Peker’den Soylu’ya: Bak büyük konuşma, yavaş yavaş, parça parça yapacağım. Her hafta canını bir kere yakacağım

Peker’den Soylu’ya: Bak büyük konuşma, yavaş yavaş, parça parça yapacağım. Her hafta canını bir kere yakacağım
Yayınlama: 16.05.2021

Organize suç örgütü lideri Sedat Peker, kendisine yönelik operasyonun ardından yayımlamaya başladığı videoların beşincisini yayımladı.

Daha önce Mehmet Ağar ve Süleyman Soylu’ya dair iddialarda bulunan Peker, bu videosunda da Mehmet Ağar hakkındaki iddialarını devam ettirdi.

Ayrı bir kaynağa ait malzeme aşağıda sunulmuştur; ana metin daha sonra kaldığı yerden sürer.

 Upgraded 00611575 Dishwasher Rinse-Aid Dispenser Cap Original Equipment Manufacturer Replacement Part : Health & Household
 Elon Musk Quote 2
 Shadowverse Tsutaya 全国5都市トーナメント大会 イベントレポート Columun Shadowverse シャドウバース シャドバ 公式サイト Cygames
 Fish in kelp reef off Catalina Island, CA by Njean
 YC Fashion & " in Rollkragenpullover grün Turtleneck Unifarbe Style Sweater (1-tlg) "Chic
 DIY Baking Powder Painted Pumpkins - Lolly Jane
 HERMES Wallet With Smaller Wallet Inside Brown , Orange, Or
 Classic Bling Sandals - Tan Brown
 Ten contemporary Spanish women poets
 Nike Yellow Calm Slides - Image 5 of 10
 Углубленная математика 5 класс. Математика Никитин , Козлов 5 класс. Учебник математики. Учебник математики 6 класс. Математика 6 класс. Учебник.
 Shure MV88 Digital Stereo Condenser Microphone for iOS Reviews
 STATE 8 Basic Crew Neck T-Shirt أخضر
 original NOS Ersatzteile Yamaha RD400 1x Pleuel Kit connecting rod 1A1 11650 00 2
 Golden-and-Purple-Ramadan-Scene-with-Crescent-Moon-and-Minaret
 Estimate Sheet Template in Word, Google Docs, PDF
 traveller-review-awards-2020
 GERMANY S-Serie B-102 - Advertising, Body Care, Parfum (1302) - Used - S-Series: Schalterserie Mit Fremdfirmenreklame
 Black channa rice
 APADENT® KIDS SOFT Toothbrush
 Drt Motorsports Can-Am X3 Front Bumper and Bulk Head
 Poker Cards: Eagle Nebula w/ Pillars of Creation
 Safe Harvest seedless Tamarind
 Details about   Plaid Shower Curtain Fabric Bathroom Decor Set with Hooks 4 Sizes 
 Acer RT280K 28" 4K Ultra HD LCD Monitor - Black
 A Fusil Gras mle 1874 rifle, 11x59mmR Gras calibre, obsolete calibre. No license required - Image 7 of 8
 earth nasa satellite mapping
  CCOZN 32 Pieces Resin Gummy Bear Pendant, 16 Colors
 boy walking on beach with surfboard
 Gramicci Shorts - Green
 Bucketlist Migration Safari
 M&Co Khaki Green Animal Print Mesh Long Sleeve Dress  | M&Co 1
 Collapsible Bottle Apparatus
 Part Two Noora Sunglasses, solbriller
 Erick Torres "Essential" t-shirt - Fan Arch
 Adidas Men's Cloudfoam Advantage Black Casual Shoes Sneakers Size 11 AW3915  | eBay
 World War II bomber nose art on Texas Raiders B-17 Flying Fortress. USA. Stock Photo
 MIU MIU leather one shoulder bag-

Peker, ‘Devletin bilgisi dahilinde Fethullah Gülen ile görüşmeye gittiğini’ söyleyen Mehmet Ağar’a yönelik olarak “Devletin bilgisi dahilinde Mübariz Mansimov ile birlikte, Fethullah Gülen’le görüşmeye gittiğini söyleyen Mehmet Ağar’ın elinde yazılı emir var mıdır; yoksa devlet geleneğinde terör örgütü liderine sözlü talimatla insan yollanır mı?” diye konuştu. 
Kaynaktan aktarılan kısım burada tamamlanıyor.